Конармеец Балмашев в письме в редакцию газеты описывает случаи, происшедший с ним в поезде,
двигавшемся на Бердичев. На одной из станций бойцы пускают к себе в теплушку женщину с грудным дитем, якобы едущую на свидание с мужем. Однако в пути Балмашев начинает сомневаться в честности этой женщины, он подходит к ней, срывает с ребенка пеленки и обнаруживает под ними «добрый пудовик соли». Балмашев произносит пламенную обвинительную речь и выбрасывает мешочницу на ходу под откос. Видя же ее оставшейся невредимой, он снимает со стенки «верный винт» и убивает женщину, смыв «этот позор с лица трудовой земли и республики».
Мальчик Василий Курдюков пишет матери письмо, в котором просит прислать ему что-нибудь поесть и рассказывает о братьях, воюющих, как и он, за красных. Одного из них, Федора, попавшего в плен, убил папаша-белогвардеец, командир роты у Деникина, «стражник при старом режиме». Он резал сына до темноты, «говоря — шкура, красная собака, сукин сын и разно», «пока брат Федор Тимофеич не кончился». А спустя некоторое время сам папаша, пытавшийся спрятаться, перекрасив бороду, попадается в руки другого сына, Степана, и тот, услав со двора братишку Васю, в свою очередь кончает папашу.
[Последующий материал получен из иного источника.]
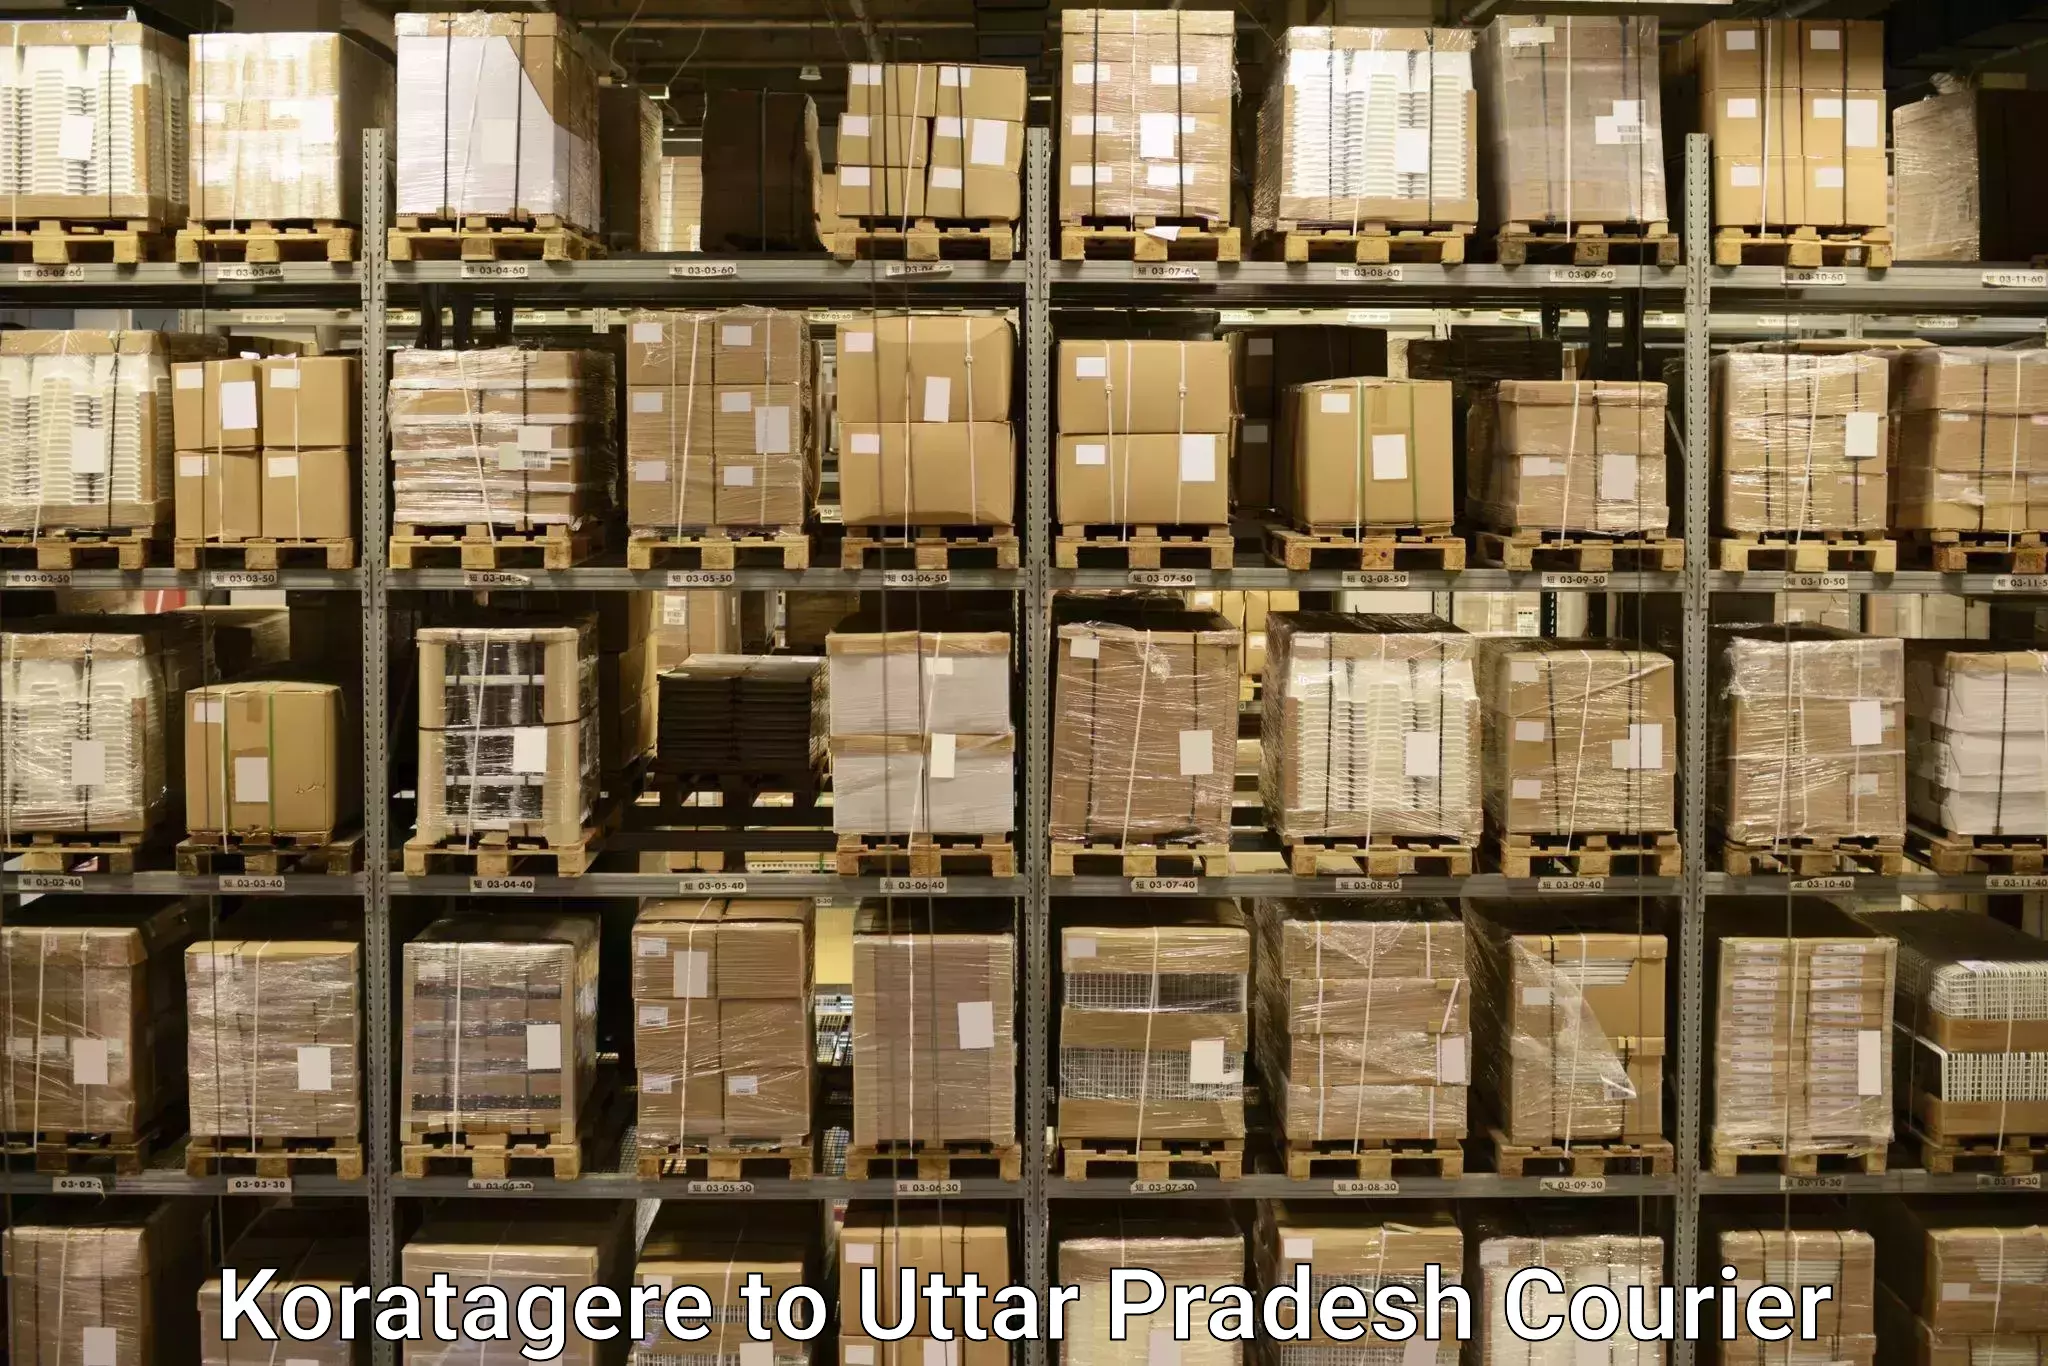 Baggage relocation service Koratagere to IIT Varanasi

У молодого кубанца Прищепы, бежавшего от белых, те в отместку убили родителей. Имущество расхитили соседи. Когда белых прогнали, Прищепа возвращается в родную станицу. Он берет телегу и идет по домам собирать свои граммофоны, жбаны для кваса и расшитые матерью полотенца. В тех хатах, где он находит вещи матери или отца, Прищепа оставляет подколотых старух, собак, повешенных над колодцем, иконы, загаженные пометом. Расставив собранные вещи по местам, он запирается в отчем доме и двое суток пьет, плачет, поет и рубит шашкой столы. На третью ночь пламя занимается над его хатой. Прищепа выводит из стойла корову и убивает ее. Затем он вскакивает на коня, бросает в огонь прядь своих волос и исчезает.
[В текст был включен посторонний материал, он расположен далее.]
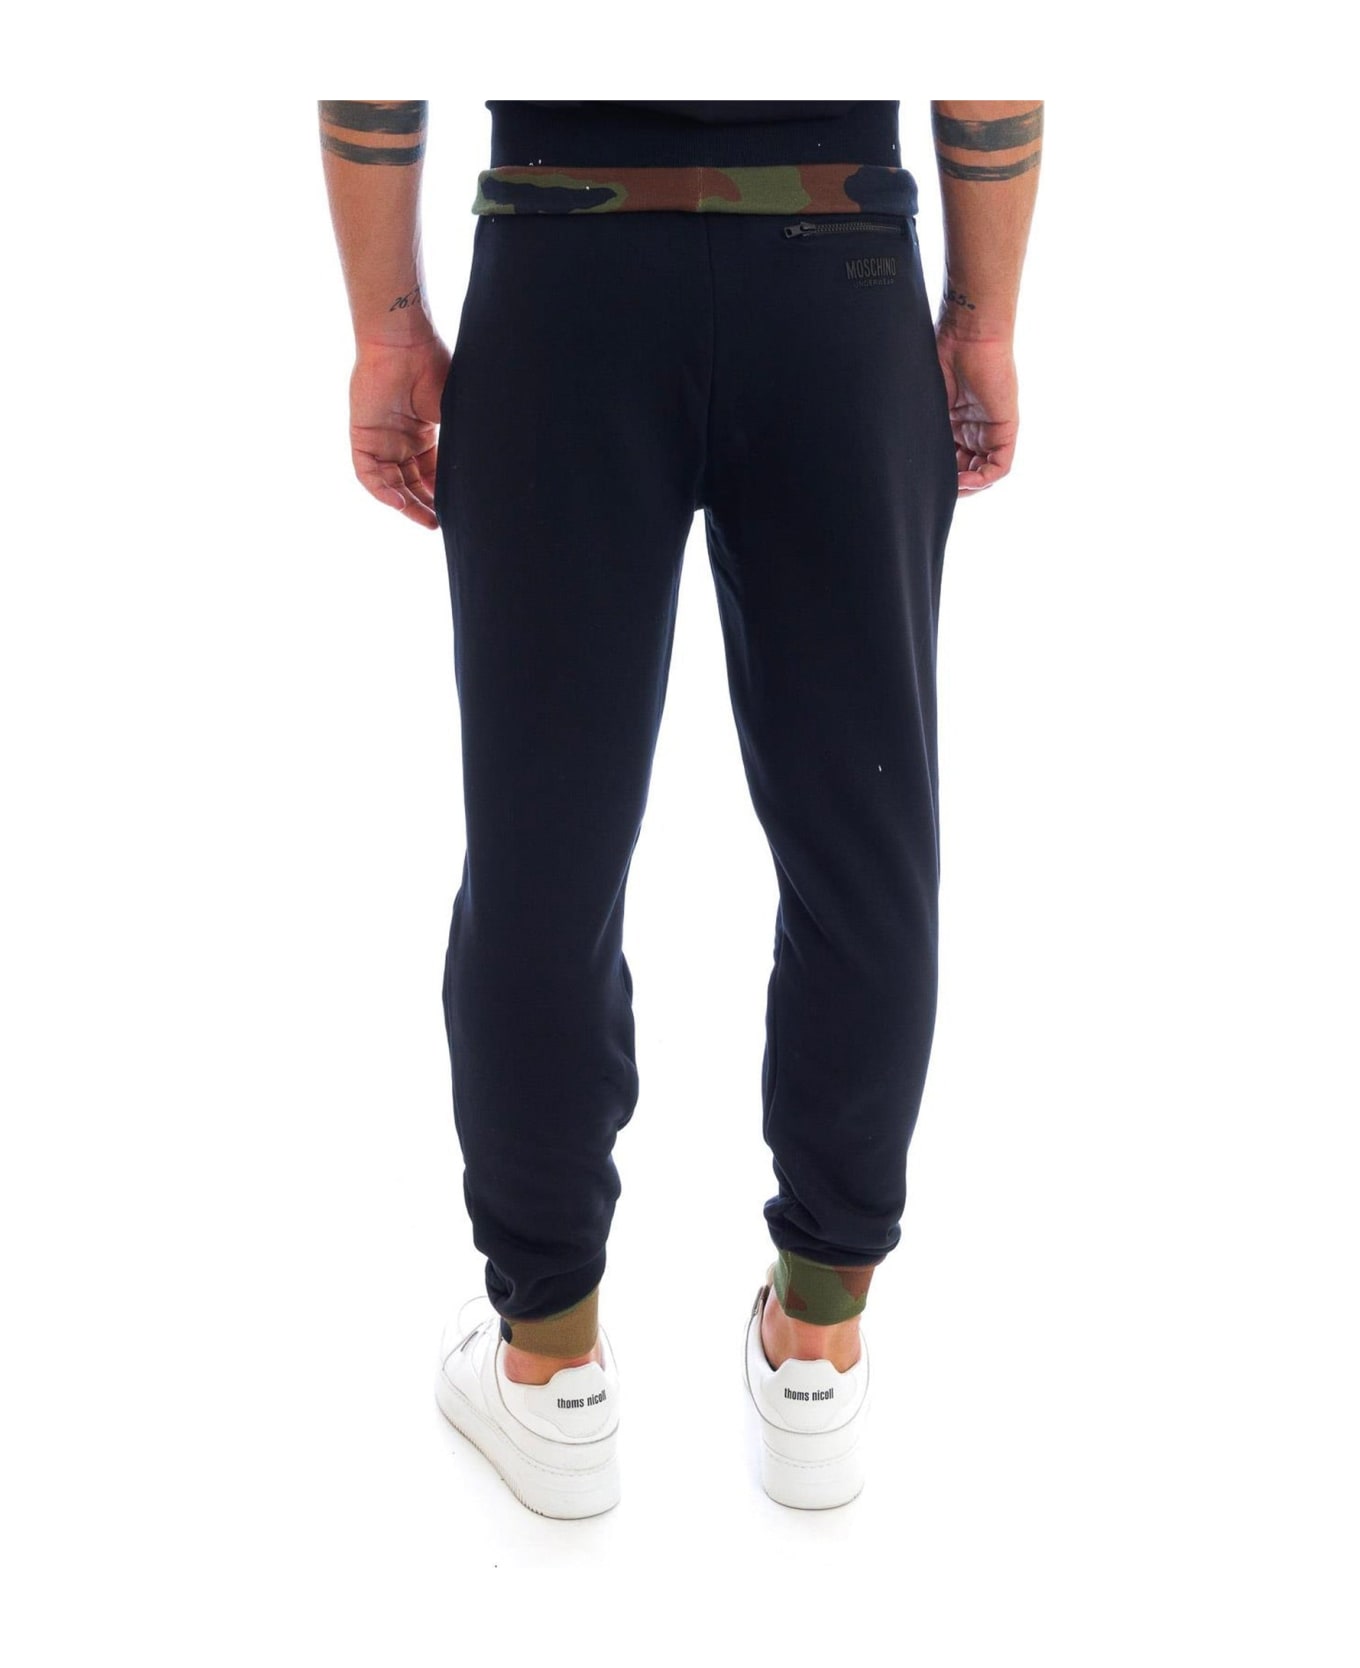 Moschino Underwear Jogging Style Pants - Black スウェットパンツ

Эскадронный Трунов ищет офицеров среди пленных поляков. Он вытаскивает из кучи нарочно сброшенной поляками одежды офицерскую фуражку и надевает ее на голову пленного старика, утверждающего, что он не офицер. Фуражка ему впору, и Трунов закалывает пленного. Тут же к умирающему подбирается конармеец-мародер Андрюшка Восьмилетов и стягивает с него штаны. Прихватив еще два мундира, он направляется к обозу, но возмущенный Трунов приказывает ему оставить барахло, стреляет в Андрюшку, но промахивается. Чуть позже он вместе с Восьмилетовым вступает в бой с американскими аэропланами, пытаясь сбить их из пулемета, и оба погибают в этом бою.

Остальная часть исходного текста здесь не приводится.